BEGIN Supplied information

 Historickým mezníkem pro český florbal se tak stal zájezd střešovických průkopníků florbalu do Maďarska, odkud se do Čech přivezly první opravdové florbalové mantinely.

END Supplied information
BEGIN Supplied information

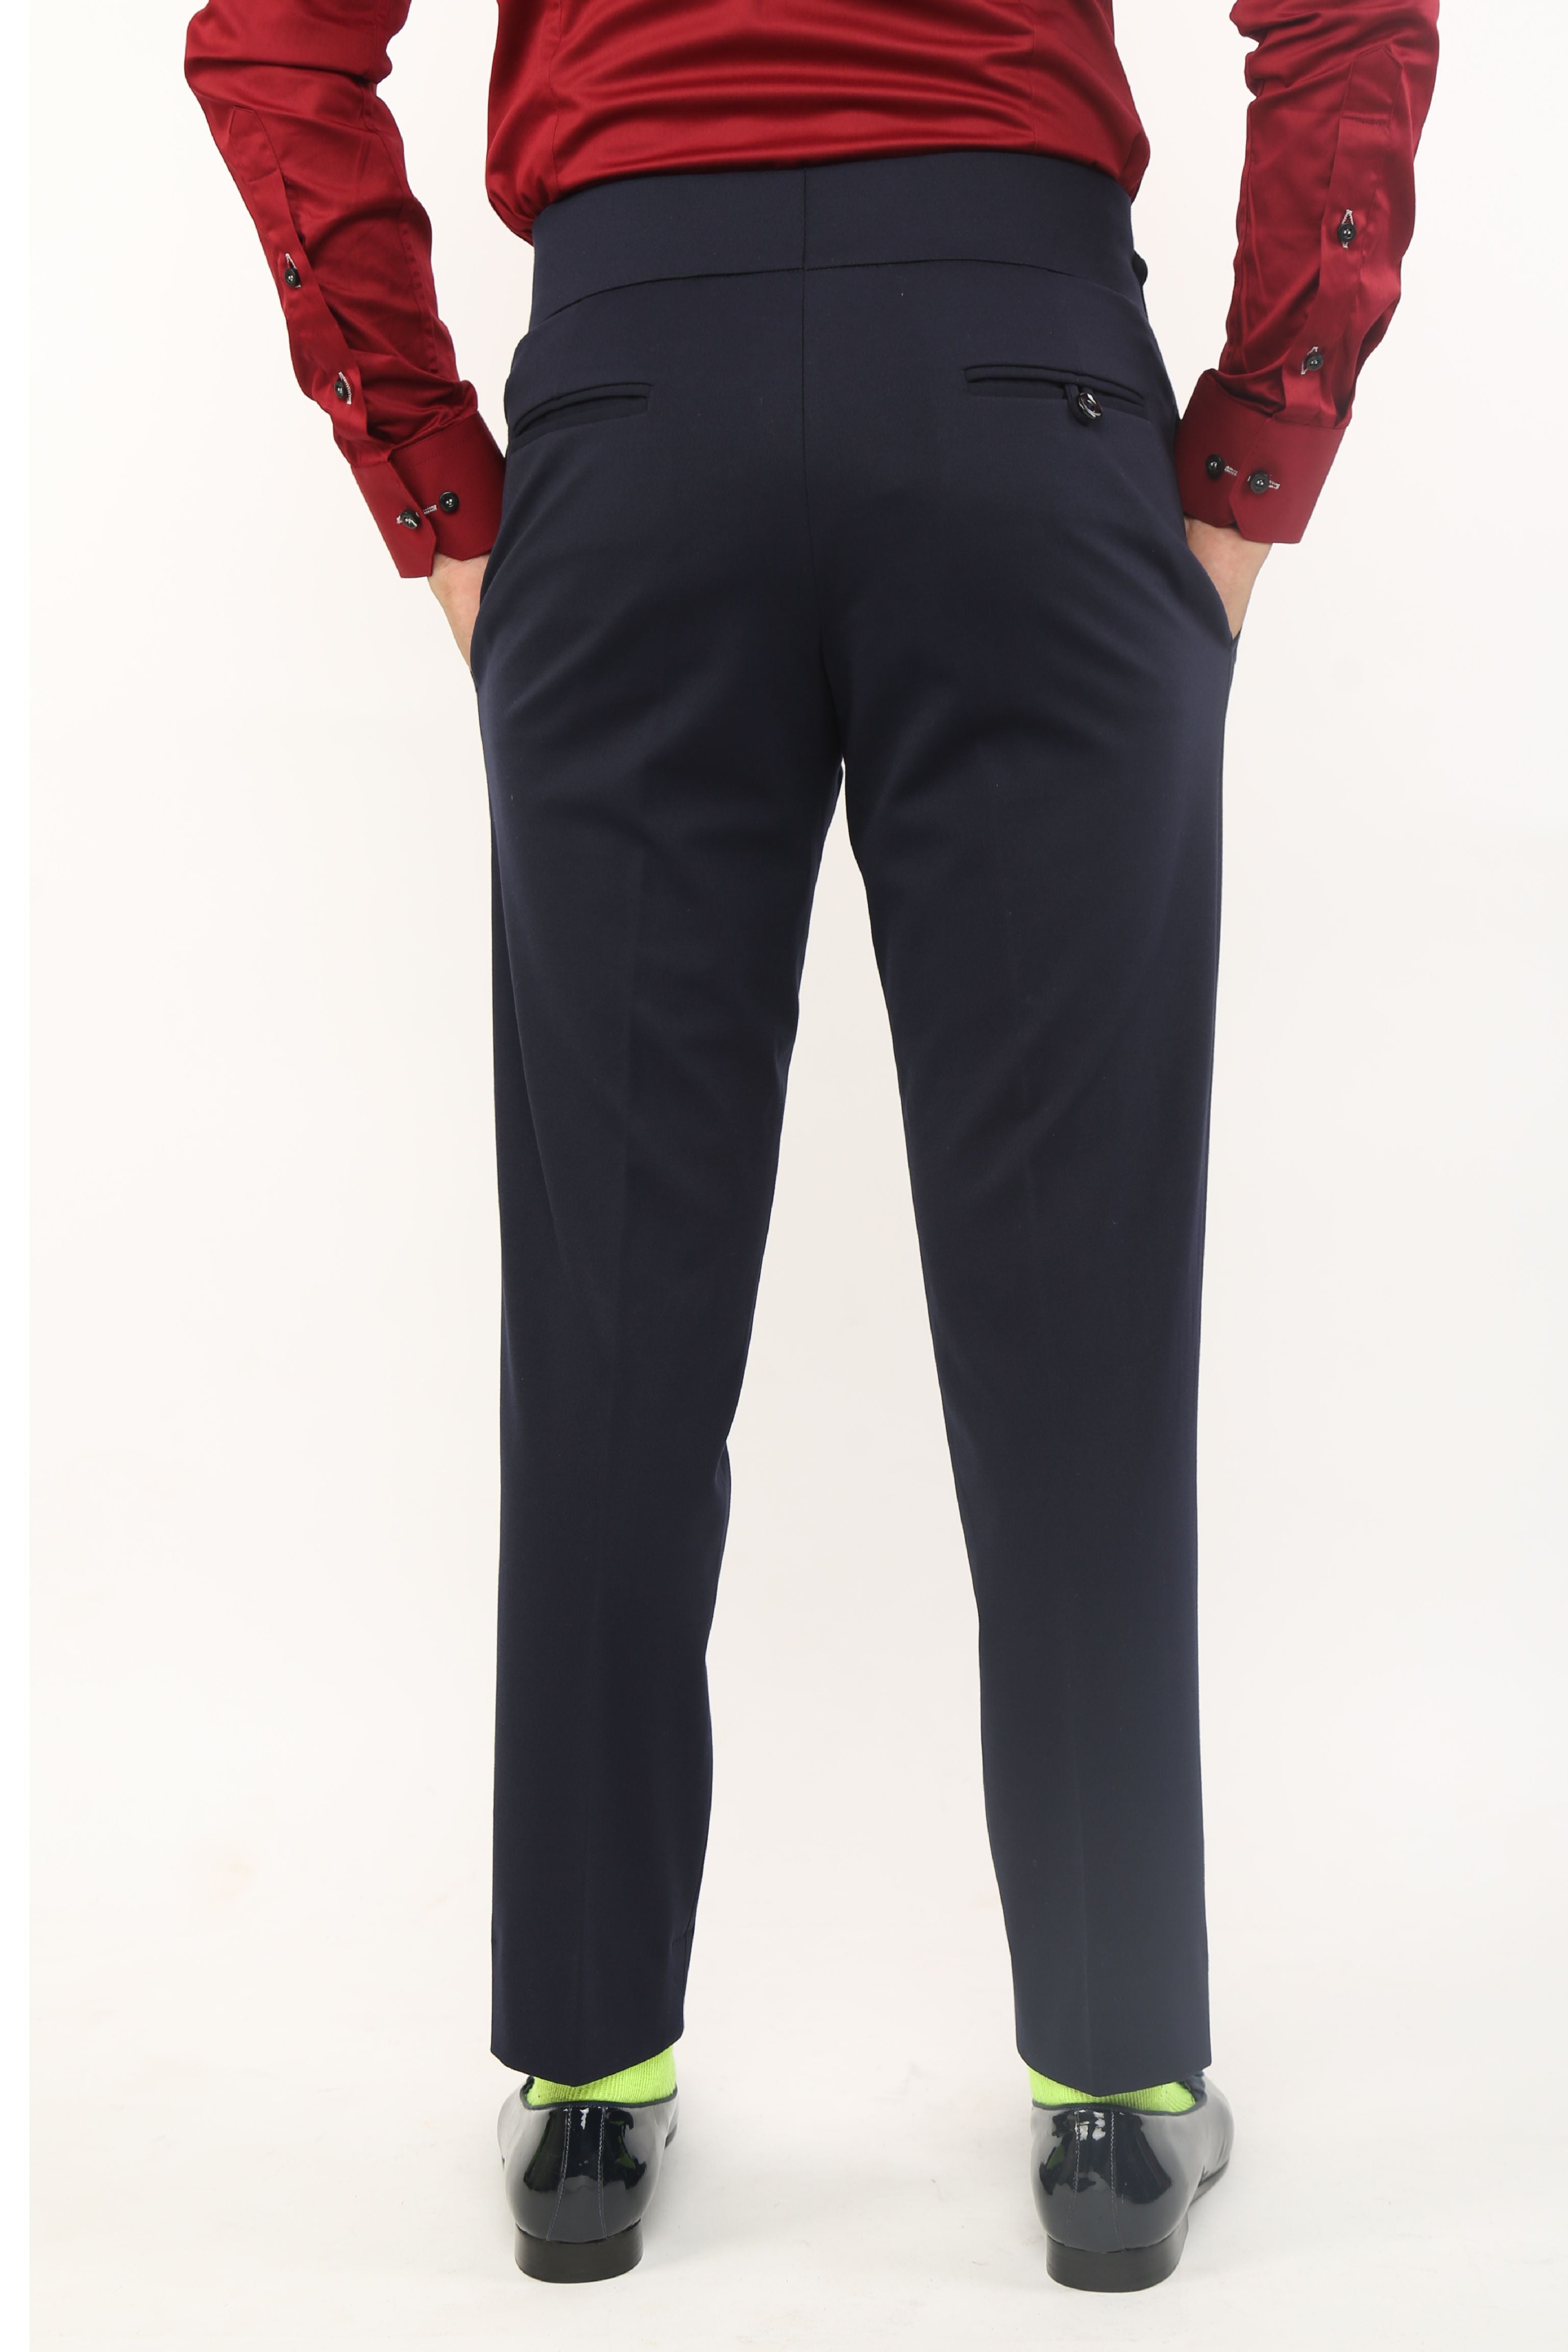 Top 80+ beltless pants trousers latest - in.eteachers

END Supplied information
BEGIN Supplied information

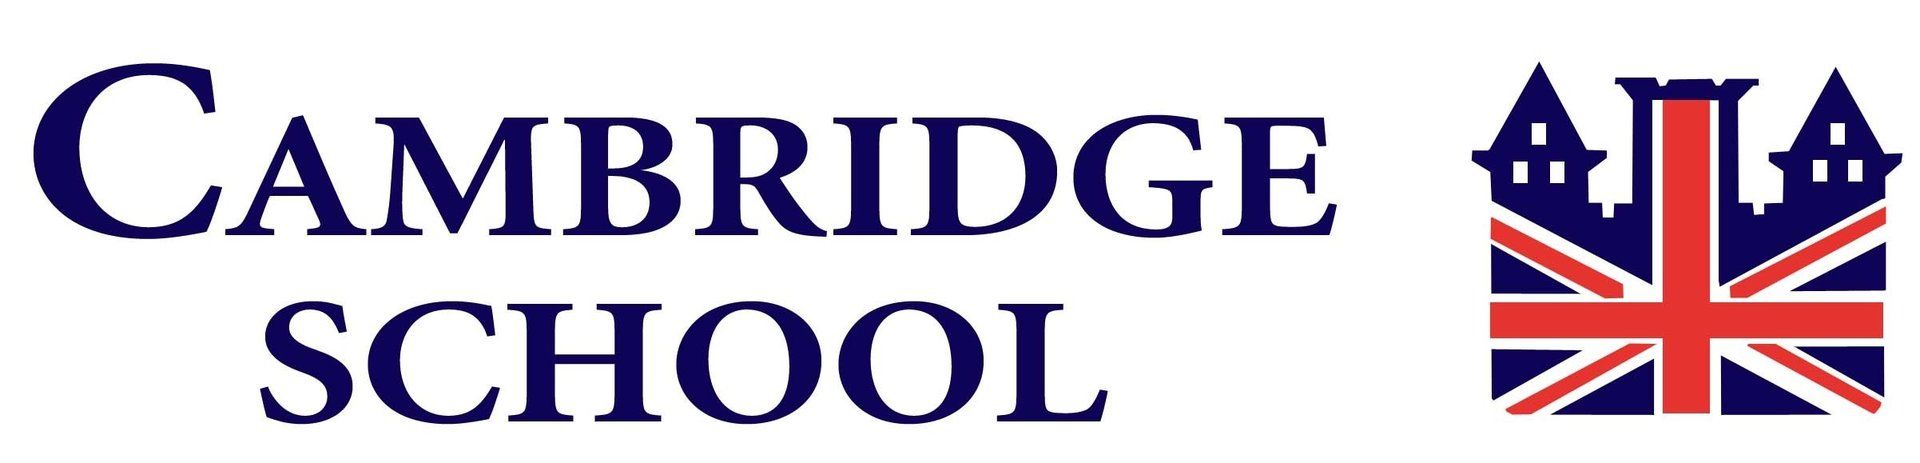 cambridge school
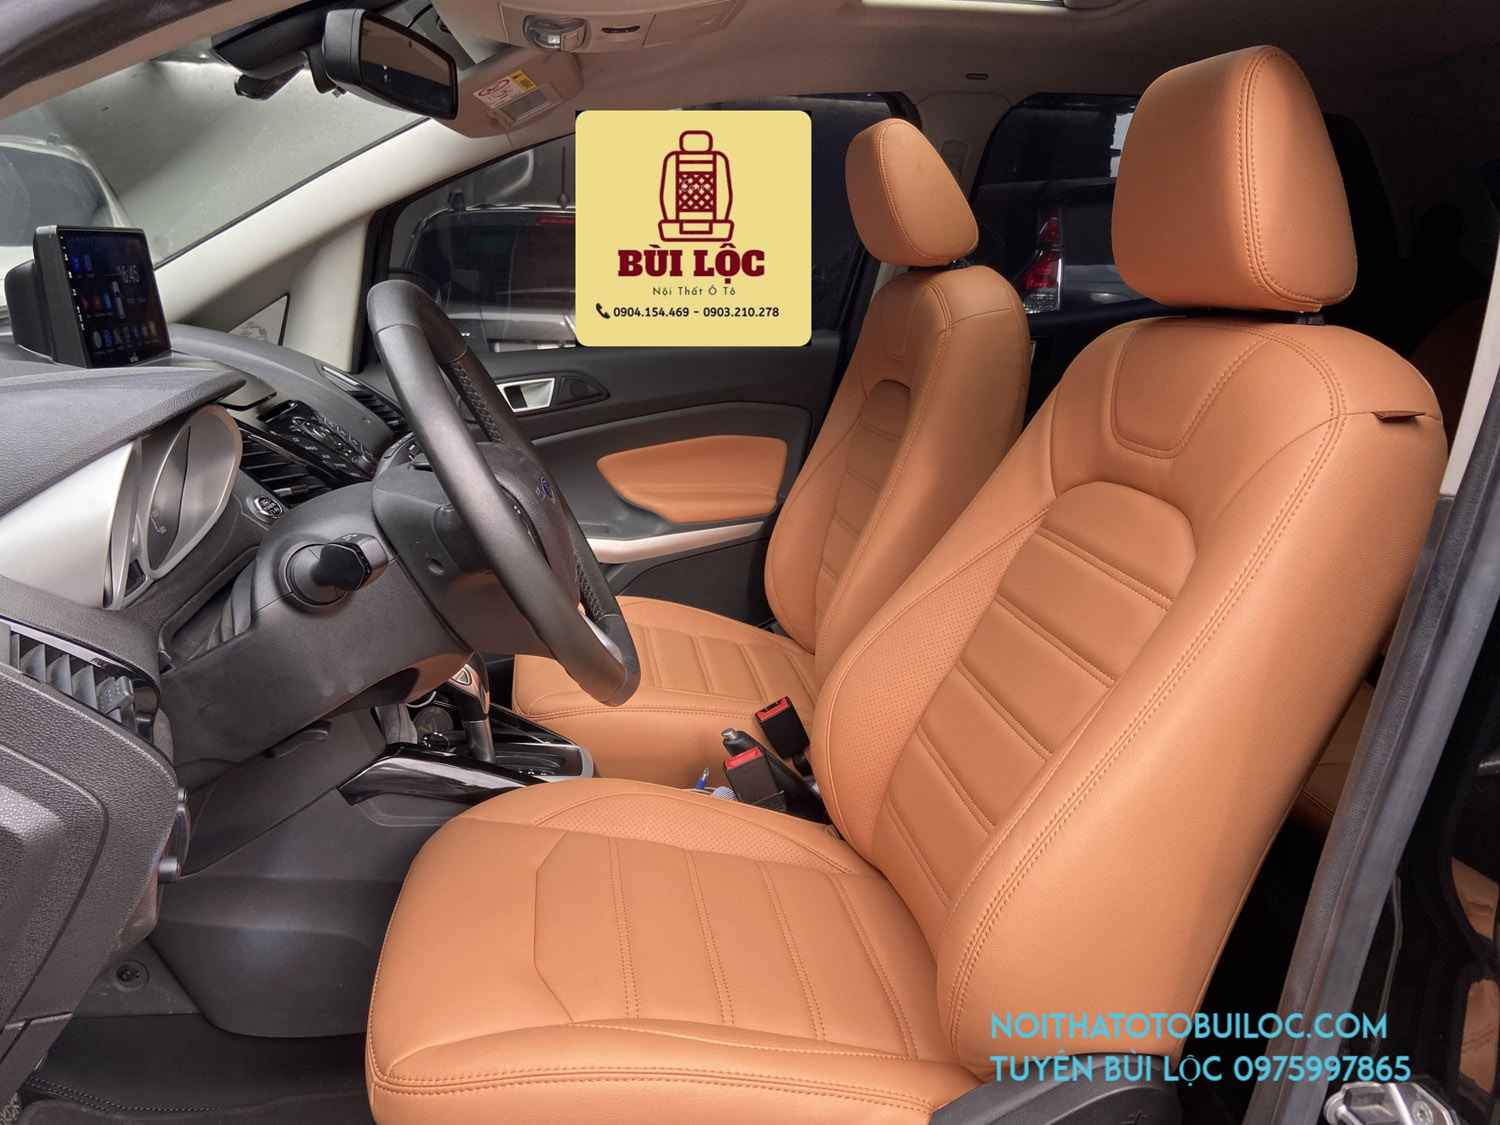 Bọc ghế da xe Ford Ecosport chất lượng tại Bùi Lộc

END Supplied information

**Work required**. Take the material above from the line bearing "cambridge school" through the line bearing "Bọc ghế da xe" and write it out exactly, both end lines included. Pictures stay out.

**Response**.
 cambridge school
 Bọc ghế da xe Ford Ecosport chất lượng tại Bùi Lộc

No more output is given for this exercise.